Mais pour le commun des mortels, l’idée du bug oscille quelque part entre la soi-disant perfection de la machine et l’imperfection humaine. Cette distinction entre la machine et l’humain est également l’objet de la recherche de Turing. Dans son texte fondateur Computing machinery and intelligence (2), Turing décrit ce qui deviendra le fameux test de Turing, où un ordinateur tente de se faire passer pour un humain. Par la suite, on a notamment cherché à simuler les phénomènes humains par des comportements informatiques.

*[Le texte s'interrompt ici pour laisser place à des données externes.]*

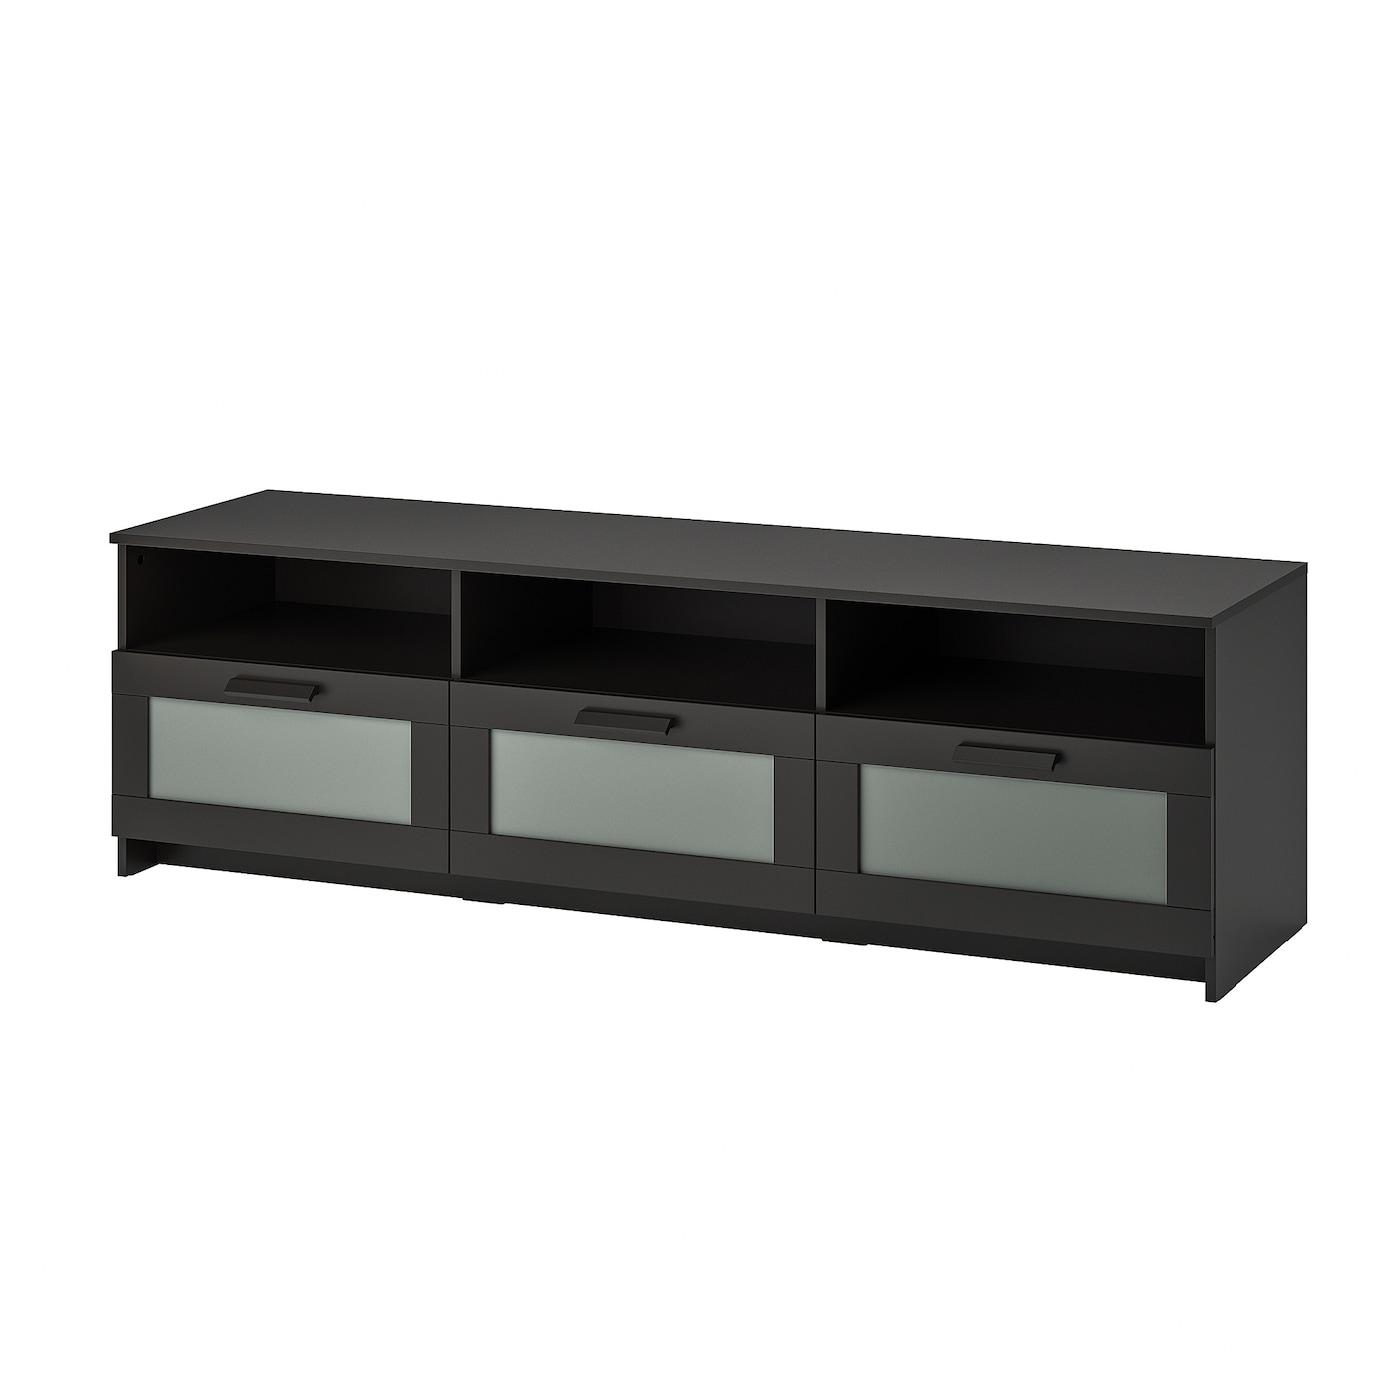 Ikea Tv Kast Meubel.Brimnes Tv Meubel Zwart 180x41x53 Cm Ikea
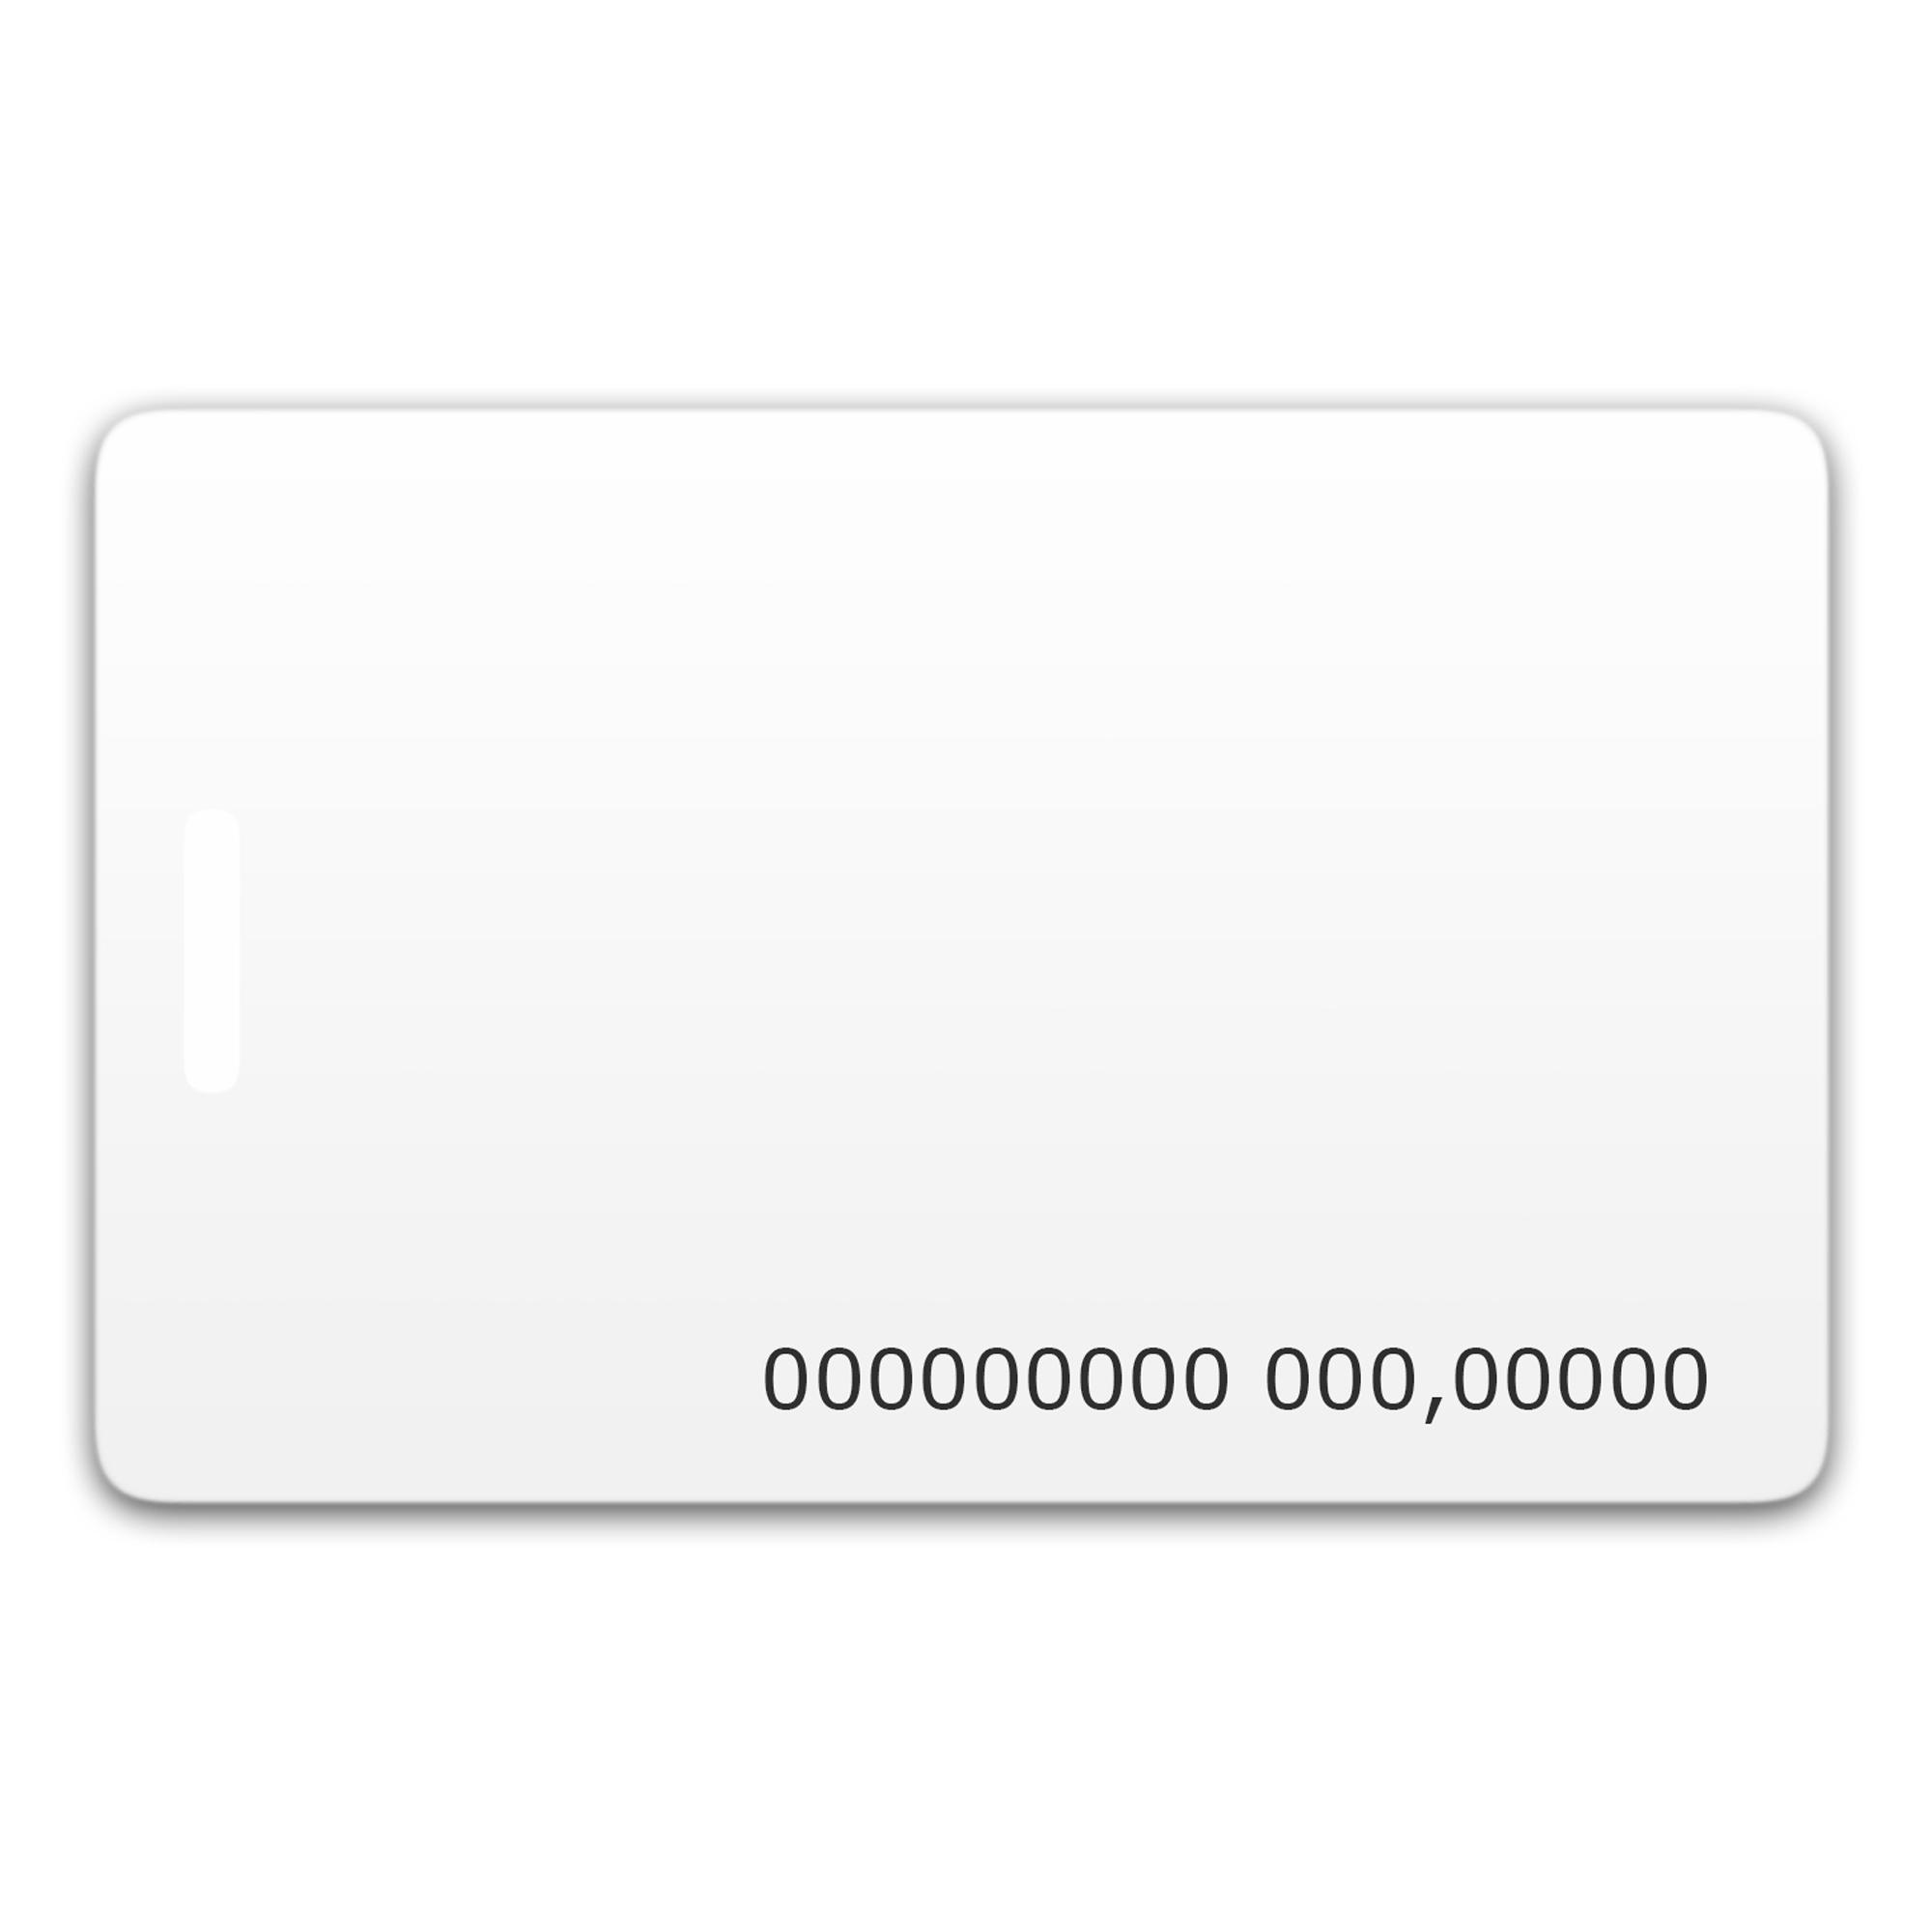 Chip-UA | Бесконтактная пластиковая RFID-карта с номером с чипом Em-Marine

C’est l’attitude réciproque que nous adoptons ici, imaginer l’informatique comme simulée par les interactions humaines (pratiques sociales, technologiques, linguistiques, sémiotiques, artistiques…). Nous manipulons la notion de bug comme une métaphore à obsolescence programmée du dysfonctionnement de ces interactions humaines. Par « métaphore à obsolescence programmée », nous entendons que ce qui est ici comparaison métaphorique est éventuellement destiné à devenir du réel. Autrement dit, si nous introduisons une comparaison entre un programme informatique et un dispositif social, ou bien entre une typologie de bug informatique et le détournement d’un outil de communication, etc., alors cette comparaison, qui opère comme une métaphore dans l’état historique actuel, peut devenir analogie véritable dans le futur. Alors, la métaphore se dissoudra, car elle sera réalisée.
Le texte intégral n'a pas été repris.